The Anti Corruption Court is tomorrow expected to pass its sentence on former Principal Accountant in the Office of the Prime Minister, Geoffrey Kazinda, following his conviction for fraud related charges a week ago.
According to the law, Kazinda, who has been on remand at Luzira prison since late last year, stands to be imprisoned for up to seven years or more.
On Wednesday last week, presiding Judge David Wangutusi, found Kazinda guilty of 29 counts of abuse of office, forgery, making a document without authority and unlawful possession of government stores. One count of forgery is an alternative count.
The Judge however, reserved the sentencing for tomorrow.
The law provides that once convicted, one is liable to imprisonment up to seven years for making a document without authority and three years for forgery and for unlawful possession of government stores.
But Kazinda could be imprisoned for more than seven years if the Judge in his verdict orders that the sentences run ‘consecutively’ instead of ‘concurrently’.
Consecutive sentences are served one after another while concurrent ones are served at ago.
There is also an option of him paying a fine and surviving custodial sentence though he can’t regain his freedom since he has other two separate pending files also about alleged fraud in the OPM.
Center to this fraud is that Kazinda was found guilty of forging 26 signatures of his then boss and former Permanent Secretary in the Office of Prime Minister (OPM), Pius Bigirimana, with the intention to defraud the office of billions of shillings.
The documents that he forged included; Security Papers and Withdraw Forms both very high sensitive documents that are used in transfer of huge sums of money. They were recovered by police from the home of Kazinda’s mother in Bukoto, Kampala, after a thorough search.

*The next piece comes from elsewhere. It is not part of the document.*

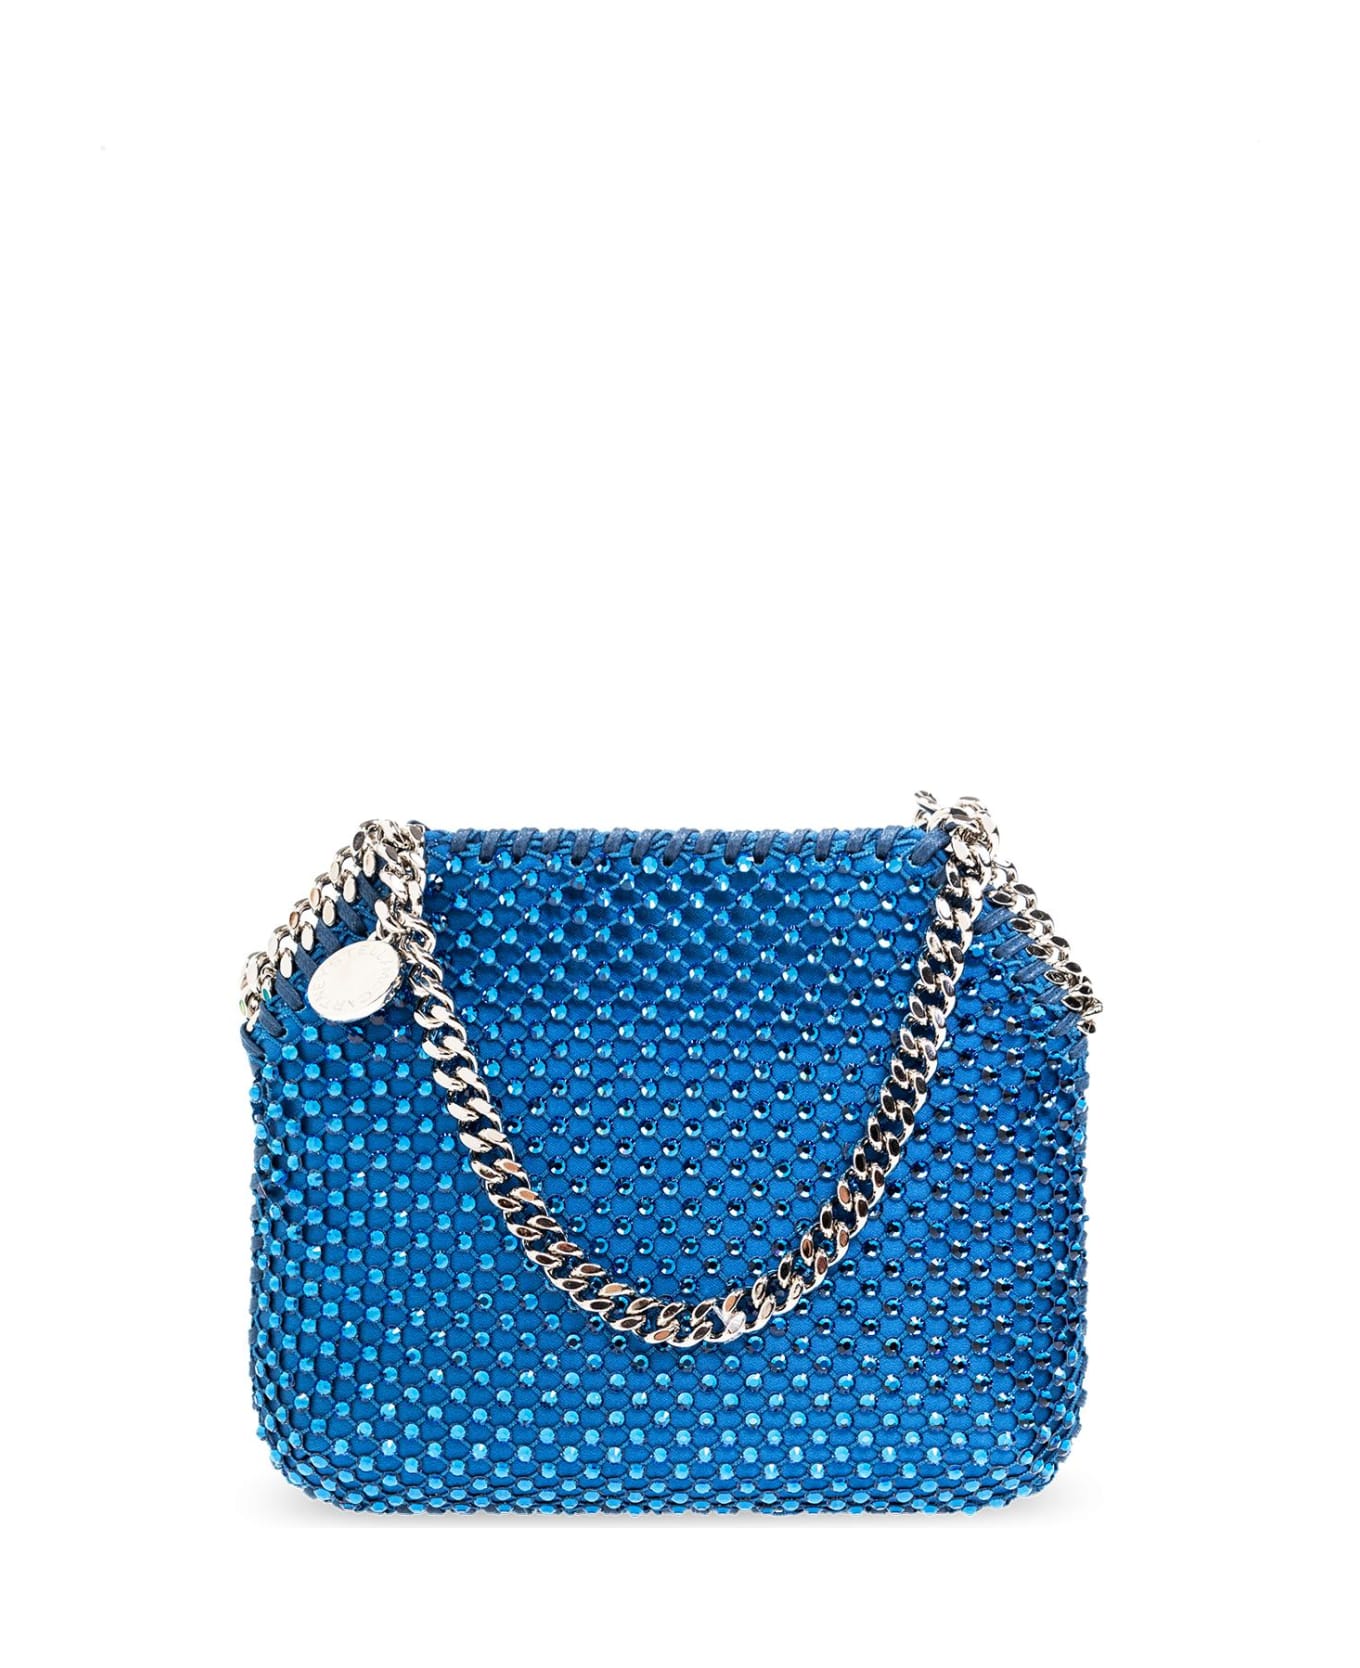 Stella McCartney 'falabella Mini' Shoulder Bag - Cobalt blue

Court relied on circumstantial evidence to link Kazinda to forgery charges since there was no witness who saw him forge Bigirimana’s signature. However, no money was lost in this case though prosecution says he had intentions of defrauding OPM if the situation had not been arrested early.
During mitigation process last Wednesday, Principal State Attorney, Jane Frances Abodo, asked court to hand Kazinda the maximum custodial sentence of seven years to send a strong signal to those involved in corruption since the vice is on the increase.
Abodo noted that the fact that Kazinda had in possession government property at his mother’s home, indicated that there was an intention to defraud donor and the tax payers’ money.
She also asked court to put into consideration the fact the OPM is a sensitive office since it’s where the prime minister and the First Lady Janet Museveni sit.
On the contrary, Kazinda’s lawyers led by Augustine Idoot, asked court to give their client a lenient sentence, preferably a fine instead of the custodial one, saying no money was lost in this matter.
Idoot also asked court to ignore putting into consideration the sensitivity about the OPM while passing its sentence, saying it’s like any other office.